I'd like to take an increasing sequence of numbers (e.g. a series of times)
set.seed(41); d <- seq(1:100) + runif(100, 0, 1)
and if the difference between two sequential numbers is below a threshold, merge them into a single point by taking the mean value of the two and, then continue going through until the next time combining is necessary. I resorted to functions I usually avoid: while and ifelse to write a quick-and-dirty function, and it works but isn't fast. Can you solve this task 1) more efficiently and 2) without invoking a for or while loop.

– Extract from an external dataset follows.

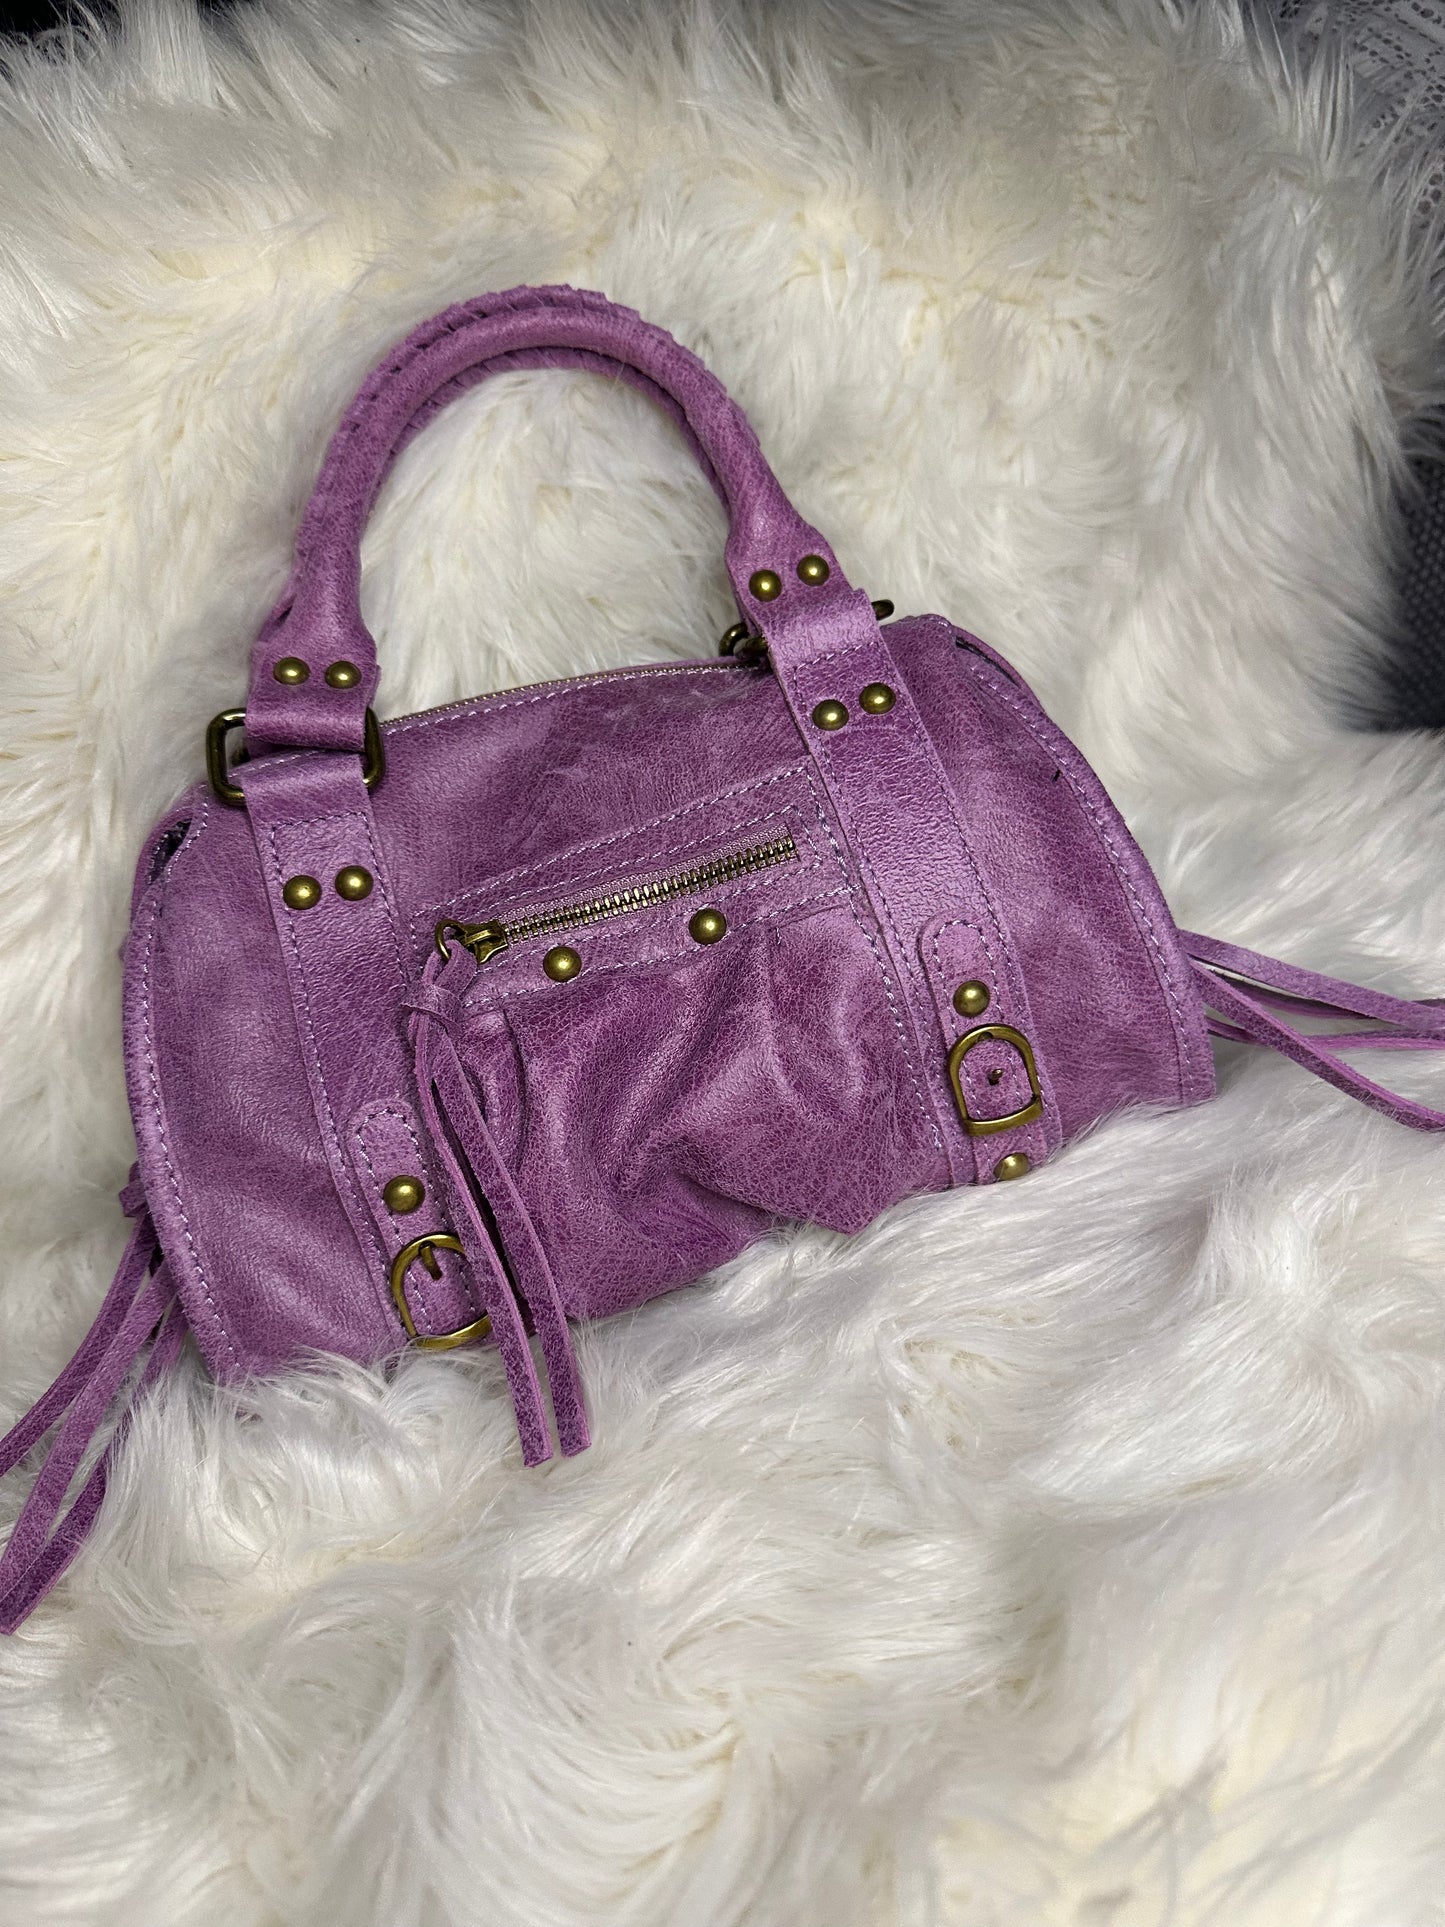 Jolie bag purple

Is there some built-in function, perhaps with even more functionality, that is well-suited for such a task?
combine_points <- function(x, th=0.5)
{
i = 1 # start i at 1
while(min(diff(x)) < th) # initiate while loop
{
ifelse(x[i+1] - x[i] < th, # logical condition
x[i] <- x[i+1] <-
mean(c(x[i+1], x[i])), # assignment if TRUE
(x[i] <- x[i])) # assignment if FALSE
x <- sort(unique(x)) # get rid of the duplicated entry created when
# the ifelse statement was TRUE
# increment i or reset i to 1 if it gets too large
ifelse(i == length(x), i <- 1, i <- i+1 )
}
return(x)
}
newd <- combine_points(d)
th <- 0.5
which(diff(newd) < th)
integer(0)
Update to benchmarks of solutions so far.

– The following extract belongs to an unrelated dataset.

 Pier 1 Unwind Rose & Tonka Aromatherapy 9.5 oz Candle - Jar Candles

I benchmarked with a larger sample vector, and the Rcpp solution suggested by #Roland is slower than my first while loop when the vector gets long. I made an improvement to the initial while loop, and made an Rcpp version of it, too. The benchmark results are below. Note that #flodel answer is not directly comparable because it is a fundamentally different approach to combining, but it is definitely very fast.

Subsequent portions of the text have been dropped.